2 in the vulnerable processes list, delete all entries except for the powershell processes and wscript and cscript
3 in safe file locations, add C:\*
(You are done with tweaking ERP)
4 Now, move your downloads folder and your desktop to a location that is off the C drive.
5 do the same for email client storage folder, and torrent client download location.

Now you will have peace of mind to just use your computer, but at the same time, anything you download or run from removable storage will be met by a default/deny prompt.

Just make sure you trust the programs you have already installed.

this idea can be adapted to voodooshield, if you have pro version.
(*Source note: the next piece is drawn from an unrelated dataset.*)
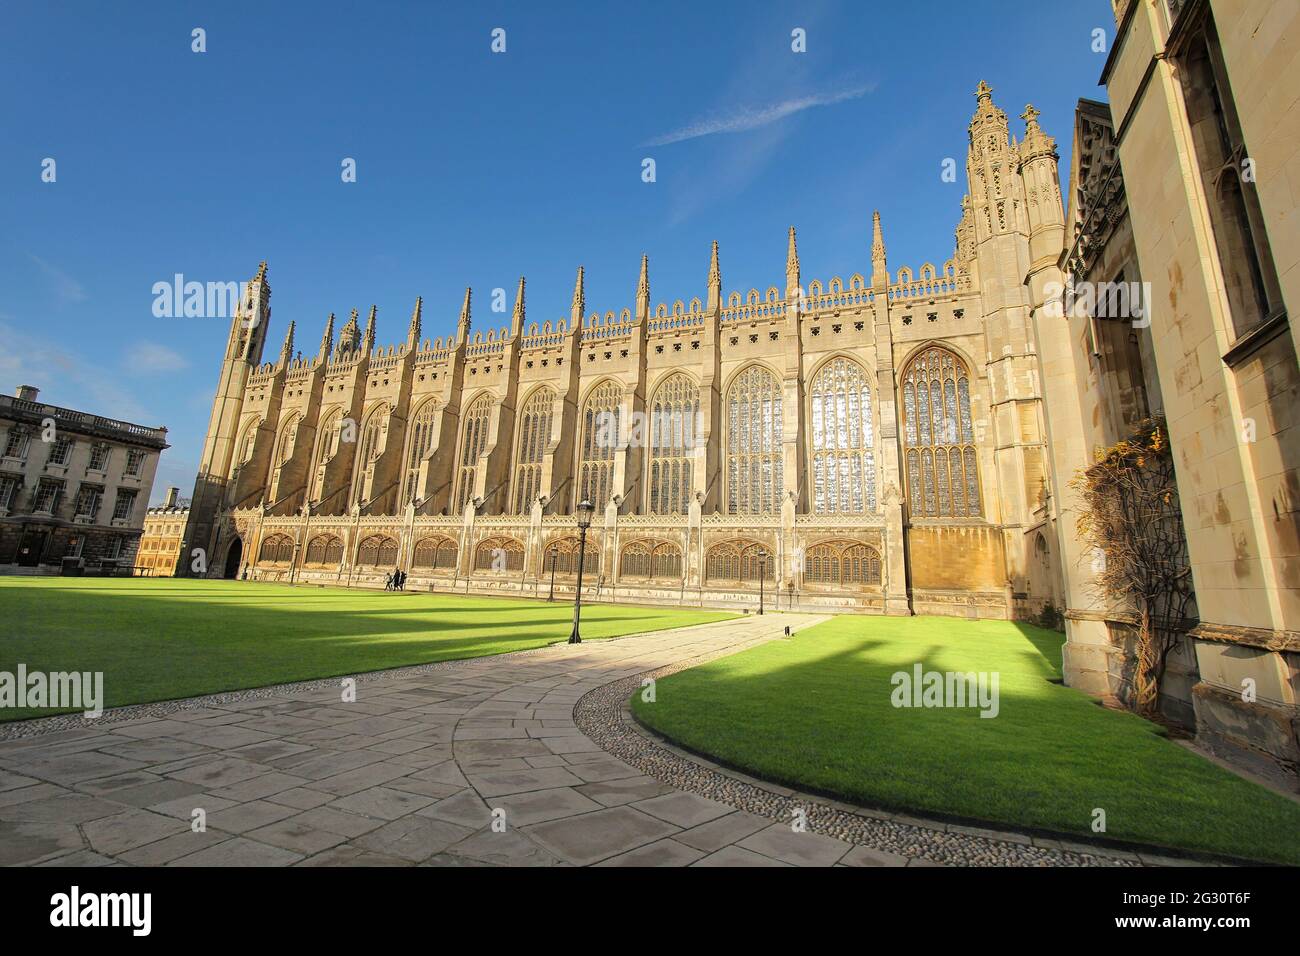 Vue sur une belle architecture du King's College de l'Université de Cambridge en Angleterre. Prise à Cambridge, Royaume-Uni, le 6 décembre 2011 Banque D'Images
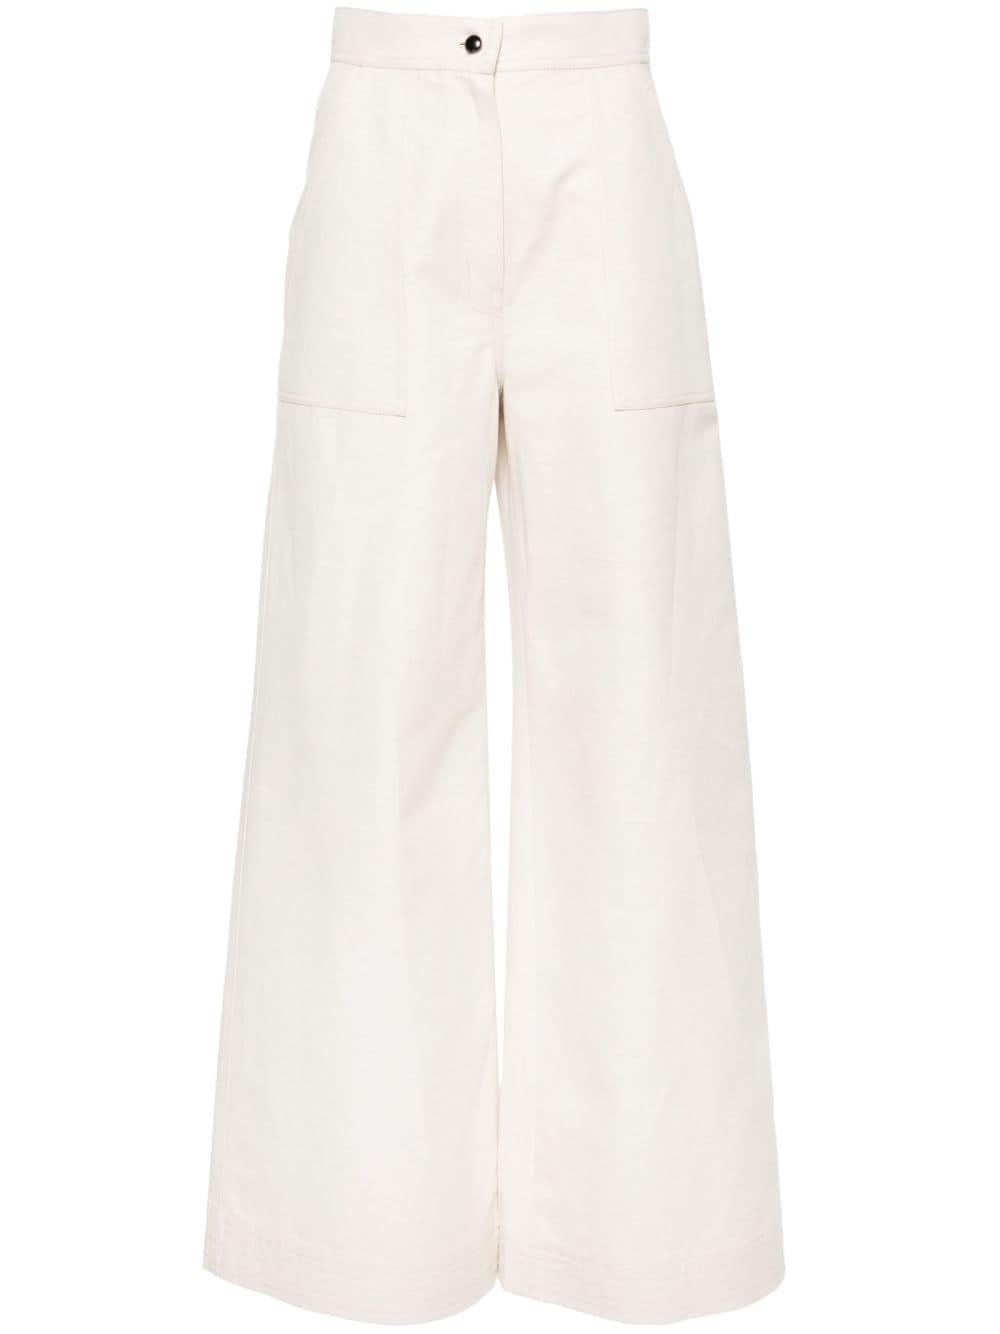 Cotton-linen blend trousers

So with this config there is no need for an antivirus or WD or even anti-malware??? Just NVT?

 

[Deleted member 178]

if you have Win10 better keep WD. if you are on Win7, an AV is not needed; just remember nothing is 100% bullet proof is the user is careless.

 

[Rengar]

if you have Windows 10 better keep WD. if you are on Windows 7, an AV is not needed; just remember nothing is 100% bullet proof is the user is careless.

I have W8.1

 

[Handsome Recluse]

I have W8.1

Oh no.

 

[_CyberGhosT_]

Oh no.

Right, I went straight from 7 to 10, never touched 8 at all

 

[Deleted member 178]

win8.1 or win10 is similar

 

[shmu26]

So with this config there is no need for an antivirus or WD or even anti-malware??? Just NVT?

yes, windows 8 is similar to 10. I do recommend leaving WD enabled.

This minimalist config that I suggested is best used together with WD and smartscreen and UAC and standard user account and common sense.

And keep in mind, as others have rightly commented, this is not a "lockdown" config, but rather a no-headache config that provides strong protection.

 

[DC47561]

Software restriction policies - based on local security policy or through the registry editor - limited user account - just some suggestions.